Example: Decrepitude, dilapidation or decay is a modulus of entropy to measure all of an age nearing the completion. A signature of an energy working within us whose latent powers viz... as an Orderliness of the Light, Heat, Electric and Tithonicity (chemical) are aheading to break into entities from which it was made-up of.

ENTROPY is an Quantum Creative Act... a process Annihilation` to the process Creation` for an entity through out its journey of being a Being in limitation of Time & Space as a flux of Light rendering Heat and Electric for the Tithonicity is a process Procreation`.

~astral scientist
5 / 5 (2) Jun 11, 2010
Entropy has a different meaning in information theory.

Since we are talking about language here we are talking about information - not thermodynamics.

People have tried, in the past, to equate the two but that has failed (the information paradox being presented by black holes being just one of the troubles).

So we must accept that there are two definitions of entropy: one for a physical state of order in a closed system and one for the information inherent in a string of symbols.

For the latter the entropy is computed as
H = -Sum[Pxi * log(Pxi)]

Where Pxi is the probability of symbol xi appearing.

If you take the log to base two then the unit is [bit].

E.g. If you have 8 symbols which are all equally probable (Pxi = 1/8 for all i) then the information inherent in the symbols is 3bit.

A language would simply have an entropy lower than a random string of symbols (because the random string would contain all symbols equally likely and therefore have maximal entropy)
1 / 5 (2) Jun 11, 2010
RobertKarl, above, gives the obvious assessment. This stone is certainly a narration of a story. prompting the storyteller of chronological events or perhaps a partial life narration of an important elder. It can be thought of as the gray zone between a comic book and written language. The uniform size, spacing and standardized, but detail-varying patterns, show these are not random drawings.
not rated yet Jun 11, 2010
A language would simply have an entropy lower than a random string of symbols (because the random string would contain all symbols equally likely and therefore have maximal entropy)

Perfect comprehension of open system entropy, bravo.
1 / 5 (2) Jun 12, 2010
Entropy has a different meaning in information theory.

Since we are talking about language here we are talking about information - not thermodynamics.

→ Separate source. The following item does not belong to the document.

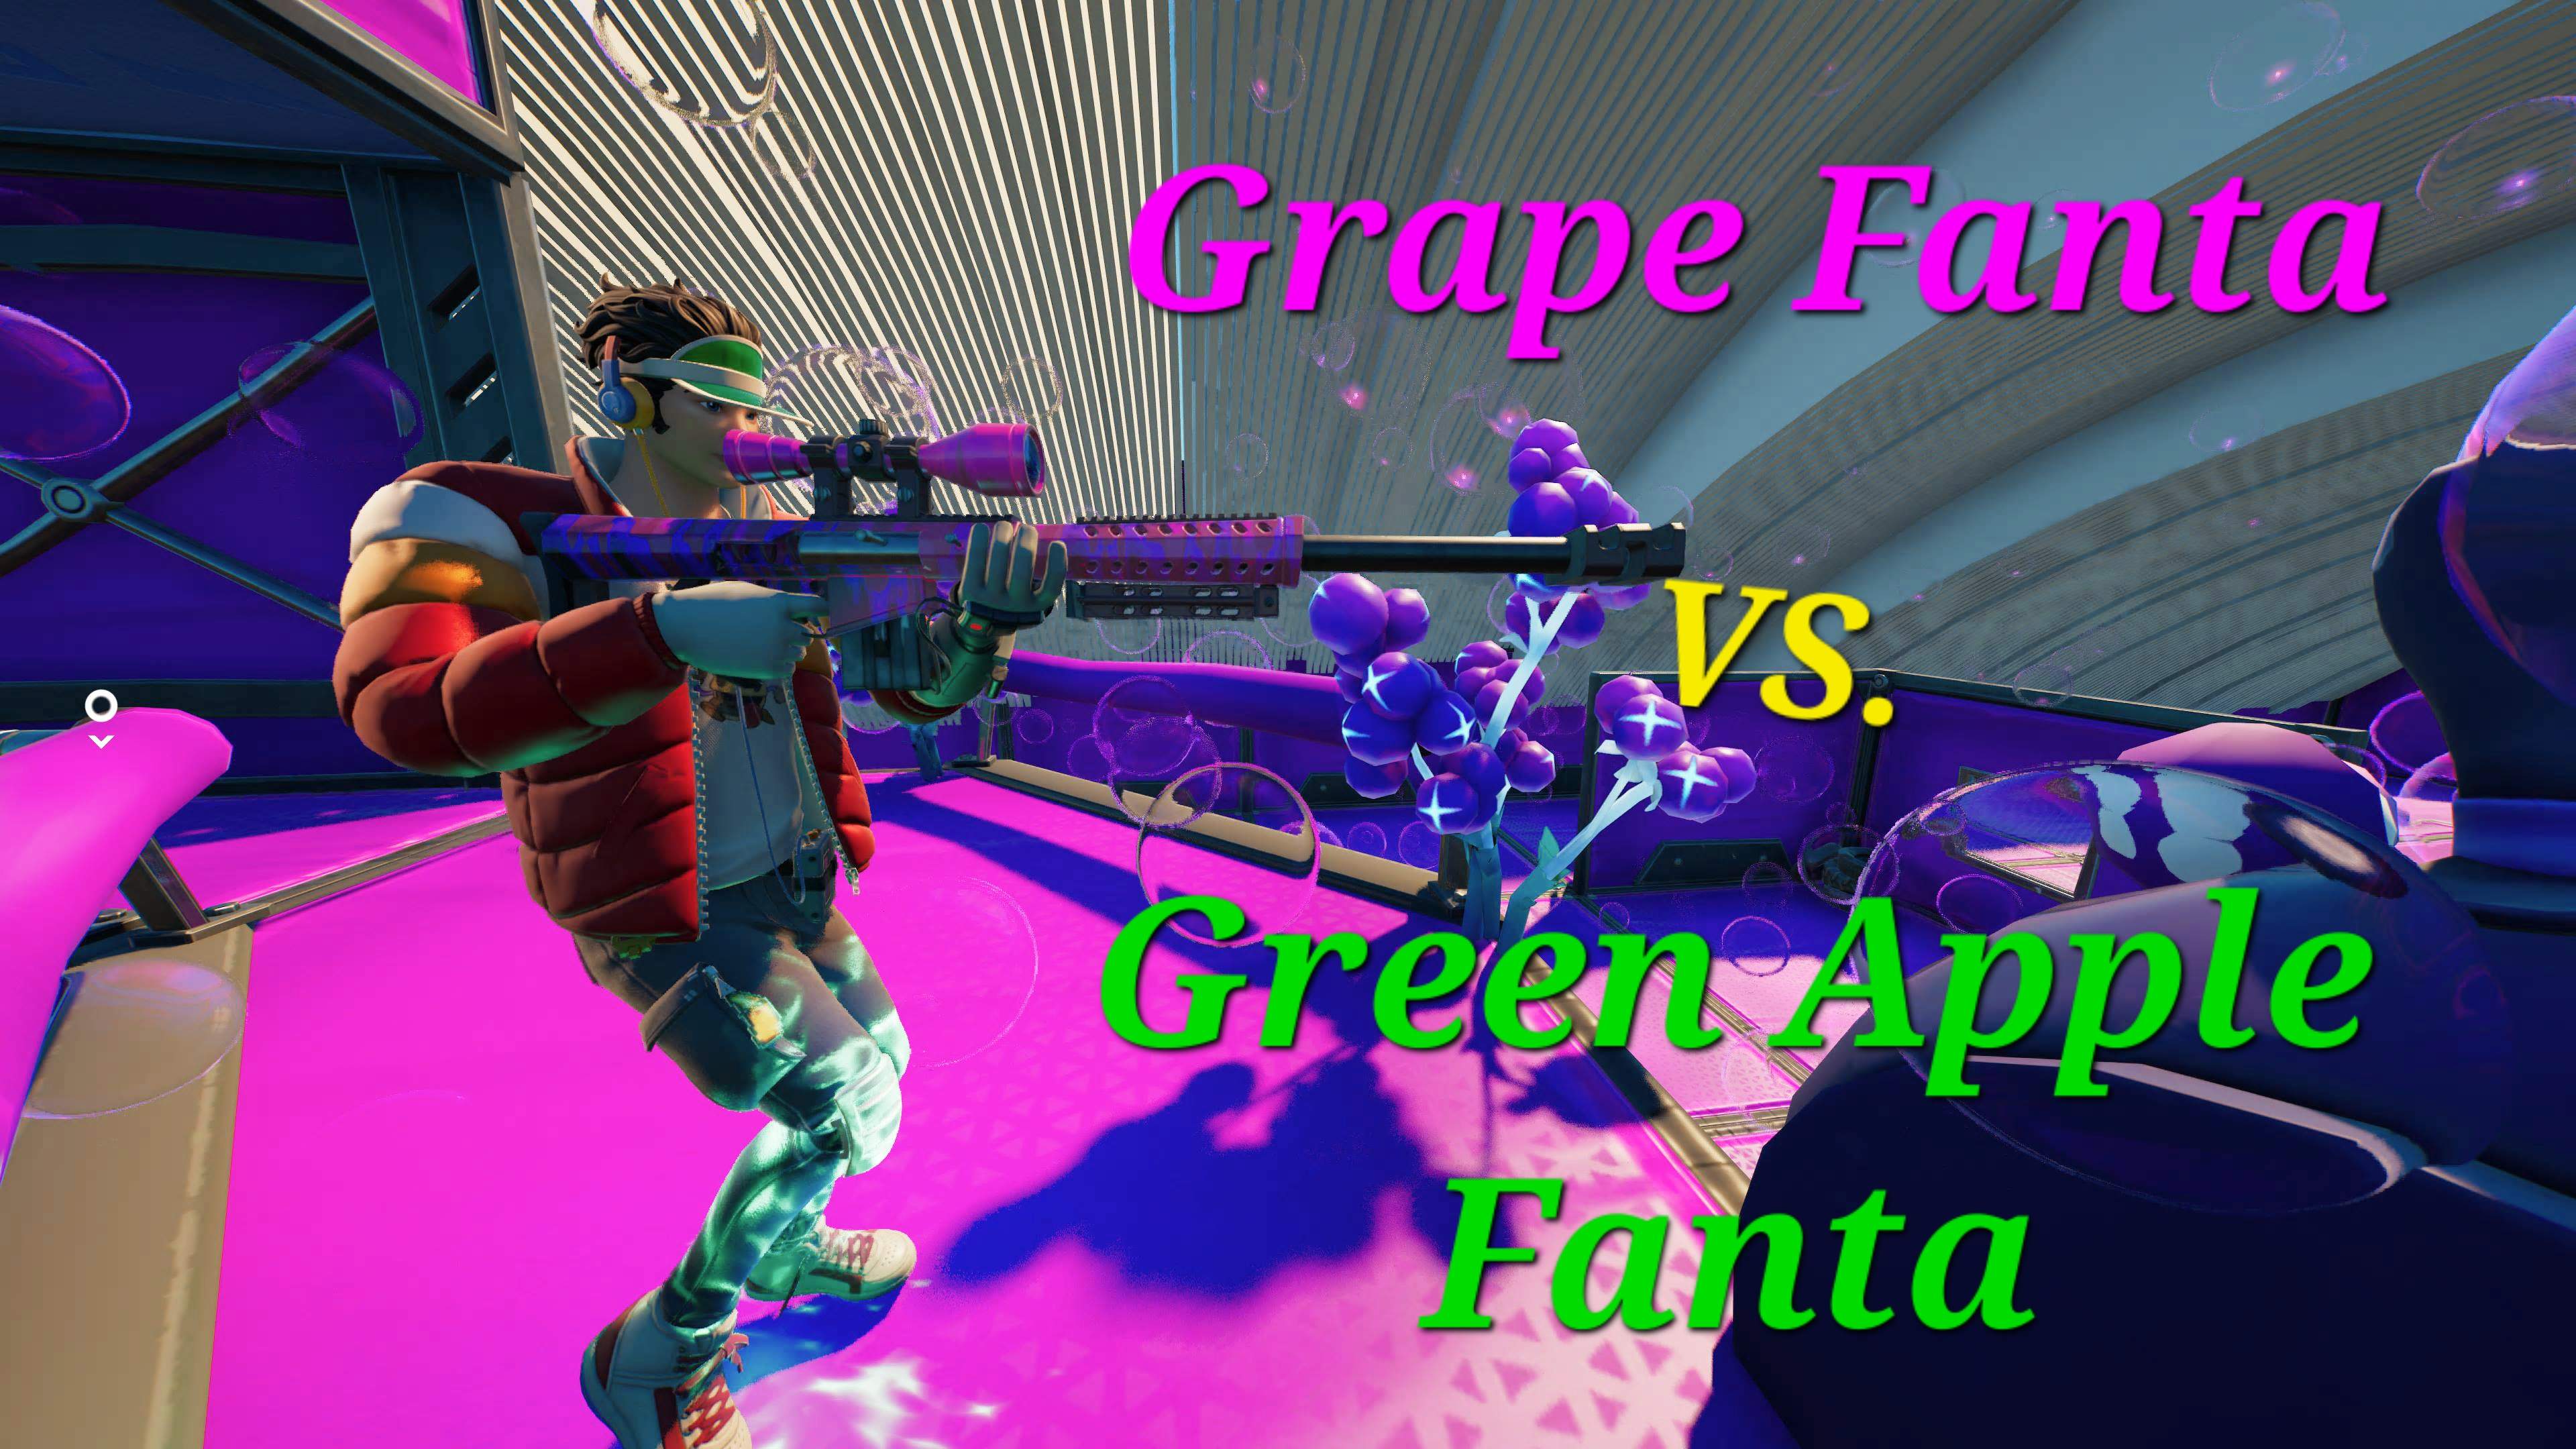 Fps Green Apple Fanta vs. Grape Fanta

People have tried, in the past, to equate the two but that has failed (the information paradox being presented by black holes being just one of the troubles).

Professor Hawking solved this a decade ago, wot wot? Unless you can defeat his math.

Can you defeat his math? No? Pity.
5 / 5 (1) Jun 12, 2010
If you go to the wikipedia definition of entropy in thermodynamics and information theory:


They list a number of points where the understanding of one doesn't completely mesh with the other.

Hawking's theories are still without observation - so like String theory the vote is still out on that one.

especially in quantum theory the equality is dubious
not rated yet Jun 13, 2010
A language would simply have an entropy lower than a random string of symbols (because the random string would contain all symbols equally likely and therefore have maximal entropy)

I Agree,but arent there states in between of language and randomness?
Whatever a human draws wont be absolutely random (except in modern art maybe),as he/she will be trying to tell something,but it could still not have the necessary characteristics to be written language.
What is the entrophy of poor grammar? =P
I dont think im getting it x)